" Je me rappellerai toujours, c'était en fin d'après midi. Ça a duré l'éternité, mais finit si tôt. Tu étais tout seul, regardant le ciel gris sombre. "
Cry - Mandy Moore
On s'était bien amusés ce jour là, non? Qu'est ce que je n'aurais pas donné pour pouvoir faire ça tous les jours... Mais non. Toi, Claude et Martin êtes partis alors que Georg, Gustav, Bill et moi avons du partir en tournée. 3 mois. 3 longs mois à rouler toutes les nuits et à enchaîner les concerts la journée. C'était un rythme épuisant pour des jeunes comme nous. Mais nous aimions ça. Si on enlève le fait qu'on ne pouvait pas avoir une minute de paix. On était tout le temps dérangés, que ça soit par un producteur, par la manager ou par des fans folles furieuses. C'est pour ça qu'on a aimé cette soirée. Avec nous, vous étiez naturels. Dis moi... comment me voyais tu?

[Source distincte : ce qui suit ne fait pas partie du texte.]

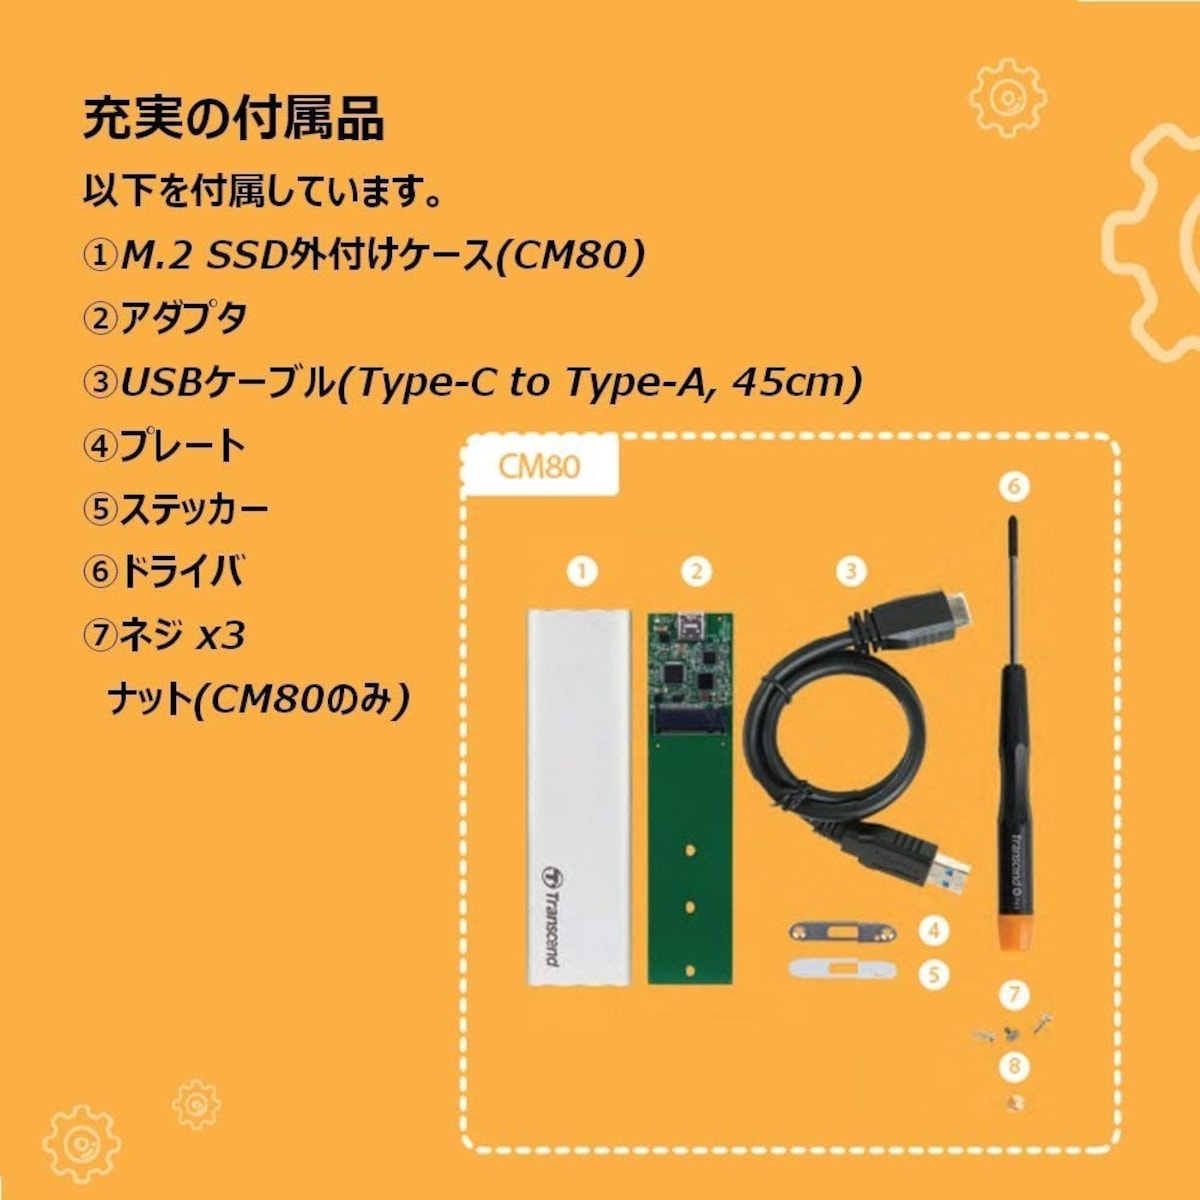  USB3.1 M.2 SSD外付けケース画像3

Le premier mois s'était bien passé. On avait réussit tous nos concerts. Et puis on avait gardé contact tous ensemble. Je pense que c'est que qui nous a aidé. Malheureusement, alors qu'on entamait la deuxième partie de la tournée, Bill est devenu aphone. Voix trop utilisée qu'ils lui ont dit a la clinique. Rapatriement immédiat en Allemagne. Nous avons annulé les concerts qu'ils nous restaient, au grand damne des fans. Les premiers jours, nous sommes restés chez nous, a dormir. Bill ne retrouvait toujours pas sa voix. J'étais inquiet. Et s'il ne la retrouvais jamais? Au bout d'une dizaine de jours, j'ai été le voir dans sa chambre.
- Bill? Je sors. Tu as besoin de quelque chose? lui avais-je demandé.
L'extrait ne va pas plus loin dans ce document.